Durante la settimana dedicata al tema “Tolleranza e Inclusività“, Expo Dubai ha accolto, nelle giornate del 17 e 18 novembre, il progetto musicale “Le Due Lune“, facendo assistere gli spettatori ad un vero e proprio intreccio culturale tra Oriente ed Occidente.

L’evento completo tenutosi al Padiglione Italia ad Expo Dubai

Eseguito dalla World Youth Orchestra, il progetto è nato dalla collaborazione tra l’Università di Napoli L’Orientale, promotrice del progetto, e dall’Università IULM di Milano, grazie all’importante sostegno della Fondazione Cultura e Arte Internazionale.

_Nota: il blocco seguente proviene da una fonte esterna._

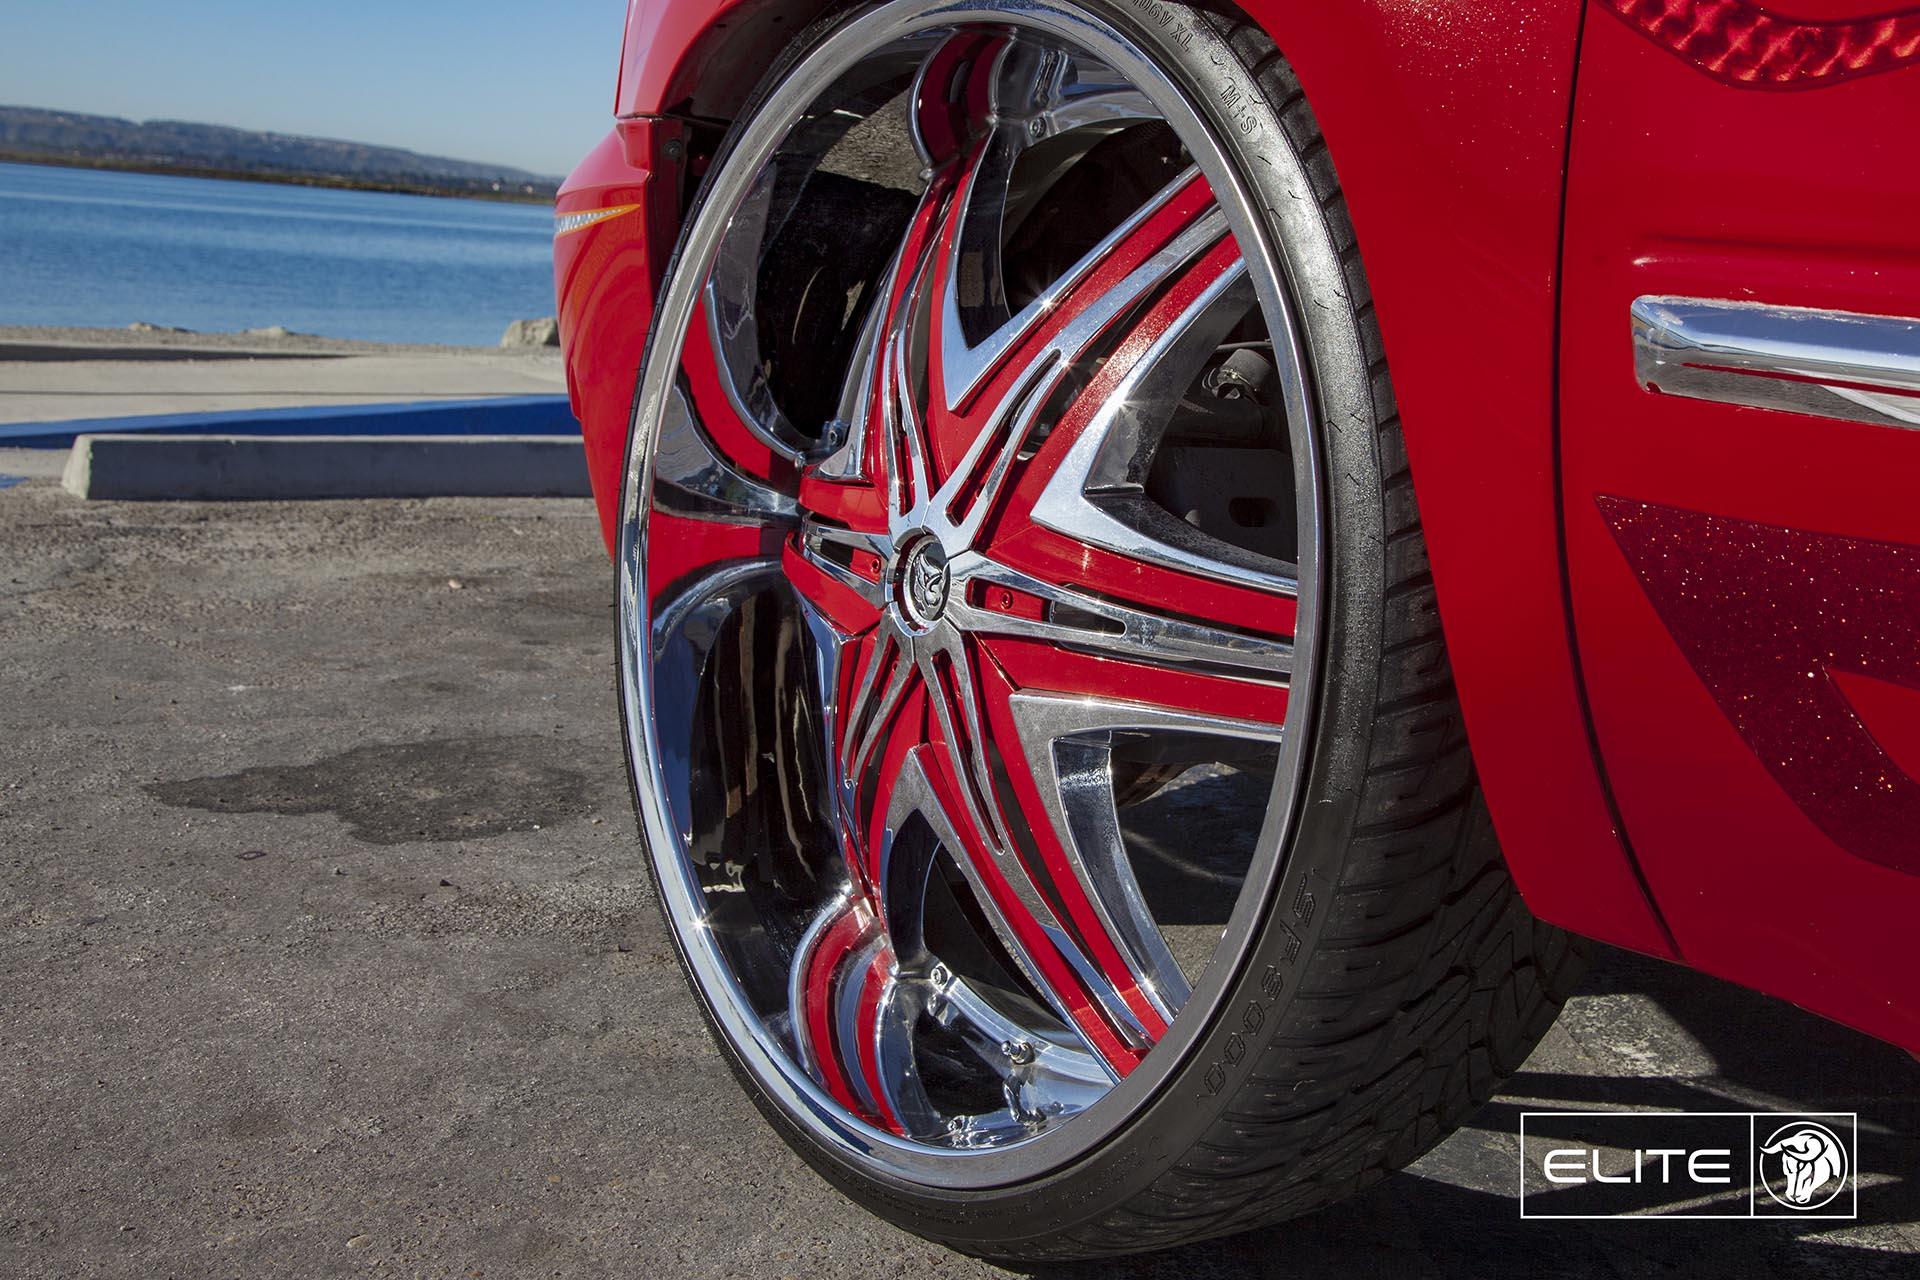 Chrome Diablo Elite Wheels on a Chevy Silverado

L’intento del progetto è stato quello di raccontare, attraverso la narrazione, l’azione teatrale e la musica, l’unione e il dialogo tra due culture: quella del mondo arabo-islamico e quella occidentale.

«Lo spettacolo è un progetto nato all’Orientale, un ateneo che ha al proprio centro lo studio delle lingue e delle culture dell’Altro talvolta sentito, erroneamente, come lontano ed estraneo” ha commentato la professoressa e coordinatrice del progetto dell’Università Orientale di Napoli, Roberta Denaro, durante l’anteprima del progetto al palazzo Du Mesnil, definendolo “un chiaro esempio di dialogo fruttuoso tra diverse competenze, culture e visioni artistiche che rappresenta bene quello che vogliamo portare a Dubai».

le due lune: a expo dubai la musica unisce le culture
Le Due Lune: a Expo Dubai la musica che unisce le culture

Nella giornata del 17 novembre, all’Auditorium del Padiglione Italia di Expo Dubai è stato realizzato un laboratorio di ascolto sui testi poetici e sulle musiche dello spettacolo, mentre lo spettacolo “Le Due Lune” è andato in scena il giorno 18 novembre, presso il Dubai Millennium Amphitheatre di Expo, accompagnato da testo, regia e direzione musicale di Damiano Giuranna.

Giuranna ha commentato che “questo pezzo parla della bellezza nell’ascolto. Ascoltare la musica del bacino del Mediterraneo – la nostra musica, la nostra famiglia – e accostarla alle lingue araba e italiana per celebrare sia le nostre differenze che le nostre somiglianze. Ascoltando davvero, si ha la sensazione di essere una grande famiglia”.

Ispirato alla celebre raccolta di racconti mediorientali “Le Mille e una Notte”, lo spettacolo ha donato agli spettatori un’esperienza immersiva di suoni, immagini e suggestioni, riportando alla luce una lunga storia di scambi tra Asia, Medio Oriente ed Europa Mediterranea.

le due lune: a expo dubai la musica unisce le culture

L’evento ha visto la partecipazione, oltre ai musicisti della World Youth Orchestra, delle attrici Valeria Almerighi e Silina Choueiry, accompagnati dalla proiezione di un percorso visivo, costruito dall’Università IULM e da Giuseppe Carrieri, raffigurante “un altare di scenari e paesaggi, antichi e arcaici, che costruiscono il panorama di una lontananza che ci appartiene e che guarda alle kasbah di Napoli come sede prediletta di un intreccio ordito di mondi senza geografia”, come lo ha definito lo stesso Carrieri.

La narrazione, attraverso il suono della lingua italiana e araba, accompagnate dal linguaggio universale della musica, ha invitato lo spettatore a valicare ogni barriera linguistico-culturale, ogni confine geografico, per raccontare una meravigliosa storia di inclusività, pace e tolleranza.